In two of this working group’s projects, led by Andrew Leeds and Schubert, a retrospective study aims to examine what factors have contributed to effective EMDR training over the past 30 years. The group aims to use the results to design a questionnaire that will measure the effectiveness of EMDR training at an international level, in a standardised way. “After a year of research planning and prioritising we’re just at the point of presenting our research proposals for approval to the Council”, Schubert said. “It’s a long process, but these are large-scale international projects that have never been done before.”

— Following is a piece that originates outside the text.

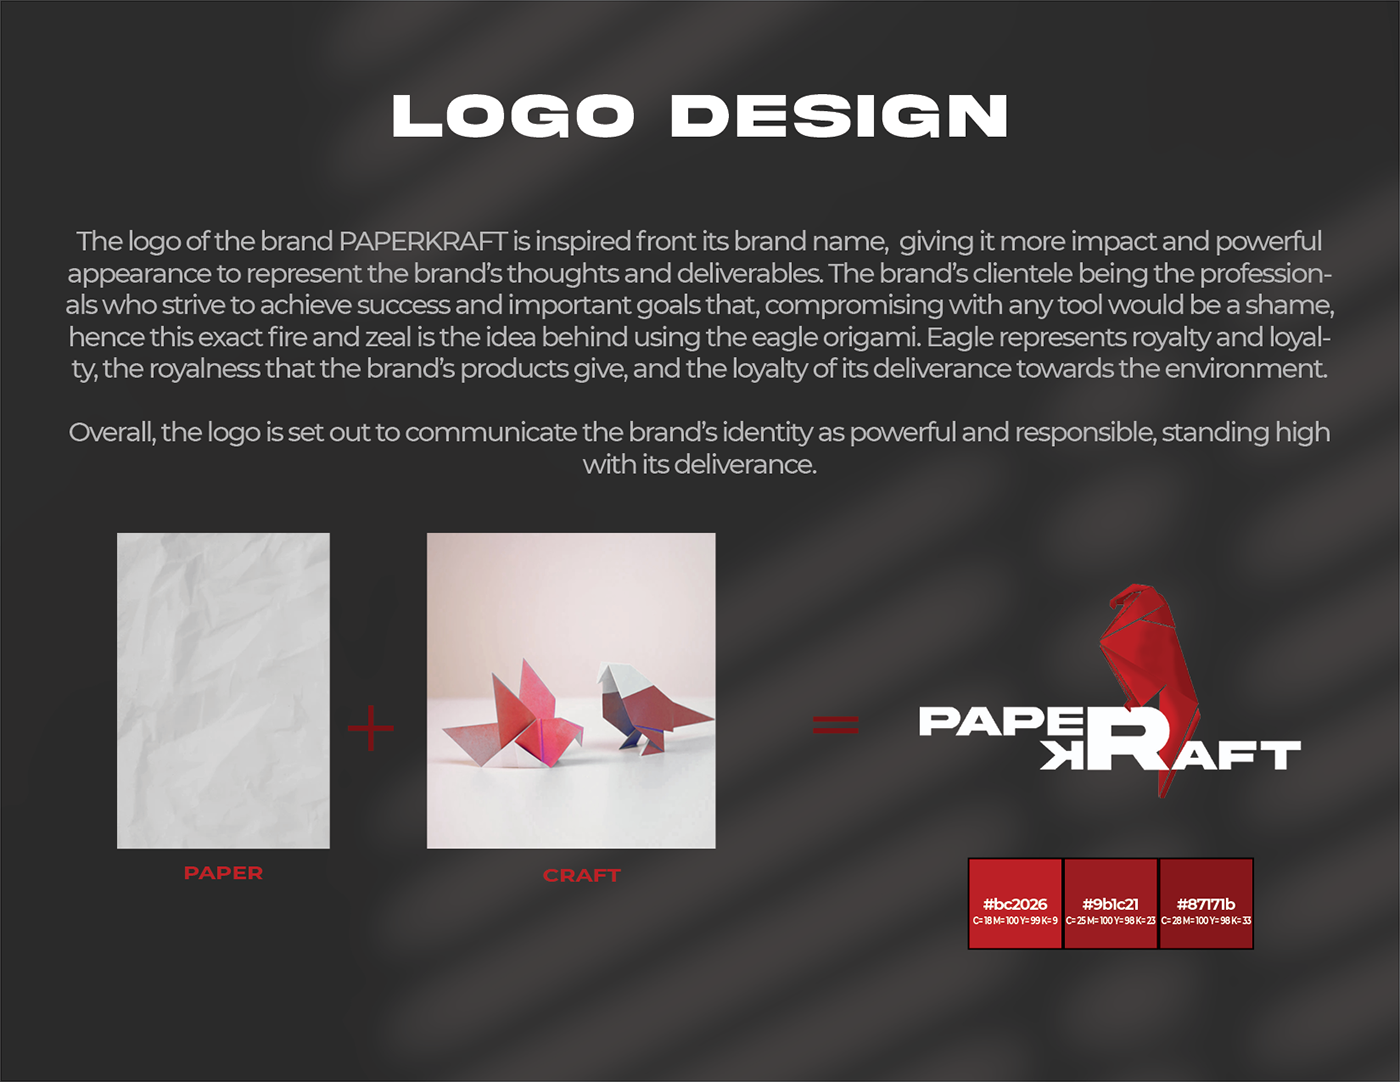 #brand #brand identity #brand'sstudy #LogoDesign #mockups #paperkraft #website
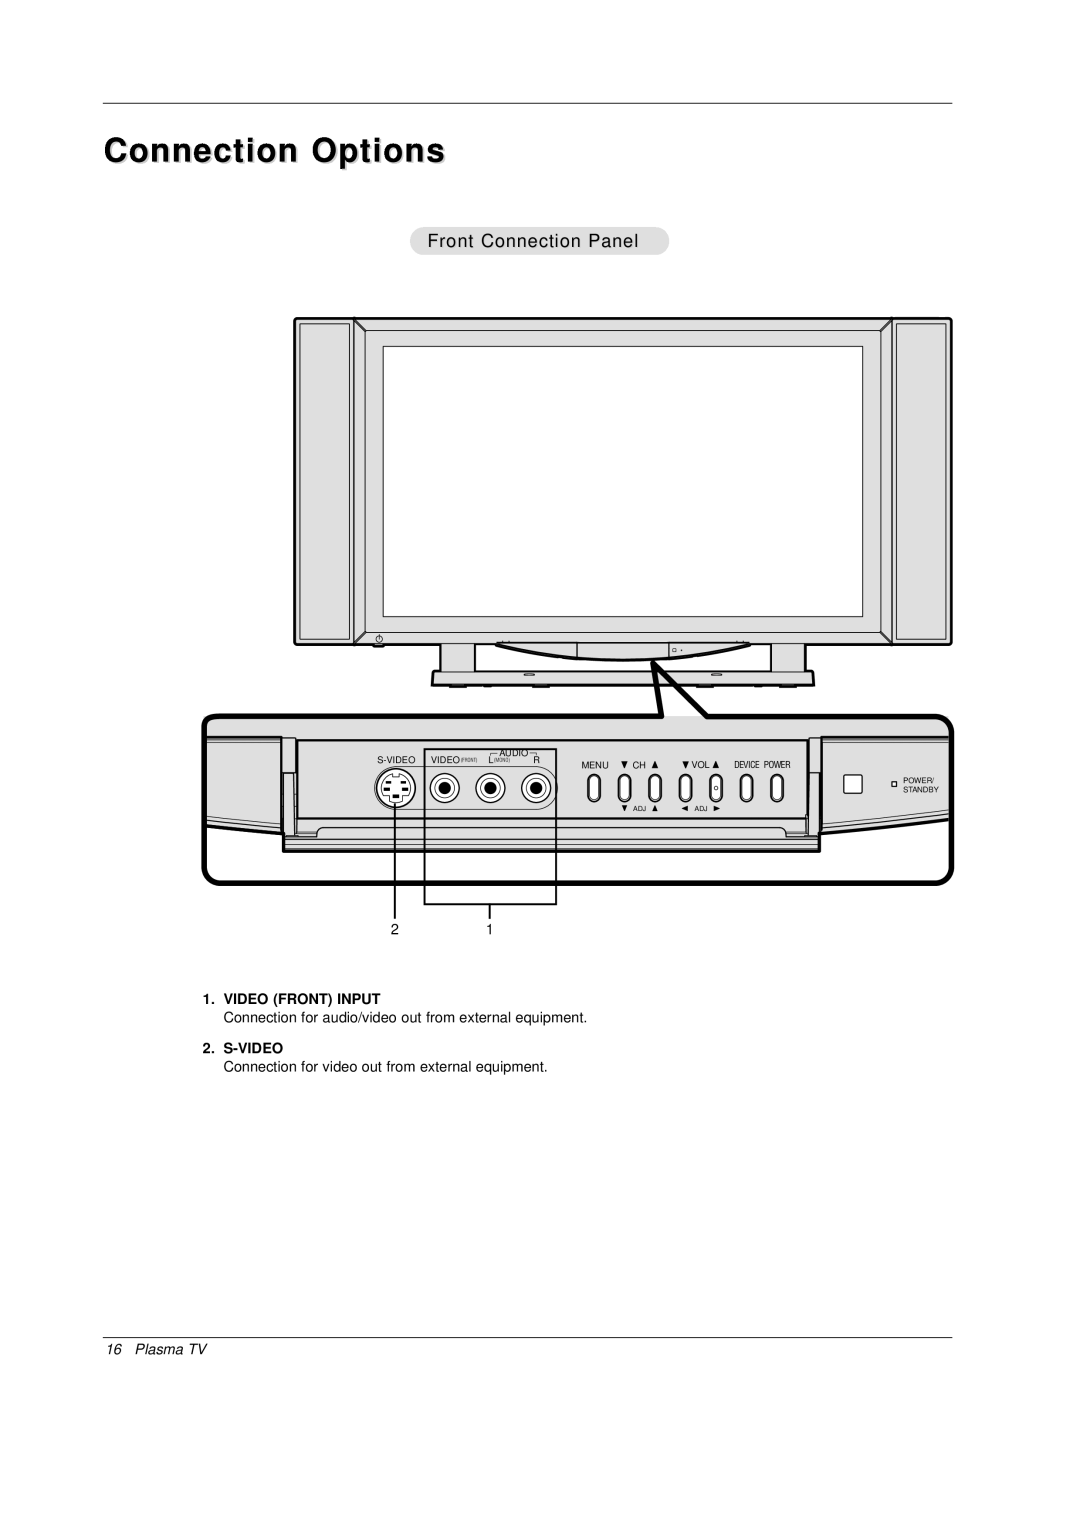 Mitsubishi Electronics PD-4225S manual Connection Options, Video Front Input, S-Video, Plasma TV, Audio, Menu, Device Power

Derek Farrell leads the landscaping project as part of the Training and Credentialing project working group. This aims to pull together how different Associations are assessing training and accreditation. Schubert said that attaining national training and credentialing documents has proven a larger and more difficult task than expected. “Sadly, at times we have met with sceptical resistance”, she said. It may be that scepticism arises from a misconception – some critics could perhaps see the whole COS exercise as merely a means of controlling how we practise EMDR. Schubert is quick to allay such fears. “It’s about ensuring scientific standards not just within our field, but also relative to other evidence-based psychotherapies, such as Trauma-Focused CBT and Schema Therapy. Also to move into the future, where we are increasingly a global, international community, we need an international, unified message about EMDR Therapy – what it is, what the evidence is to treat different presentations, to understand what it is that we still do not know, and to guide research directions to ensure people who suffer the effects of trauma receive the best possible care in their healing journey”.

One of the first outcomes of the project is the position paper recently published in the November issue of the Journal of EMDR Practice and Research 14(4). The article, co-authored by 13 members of the COS, examines and reviews the current status of EMDR Therapy research, particularly the areas where there is evidence for EMDR’s effectiveness, specific target areas and goals for future research.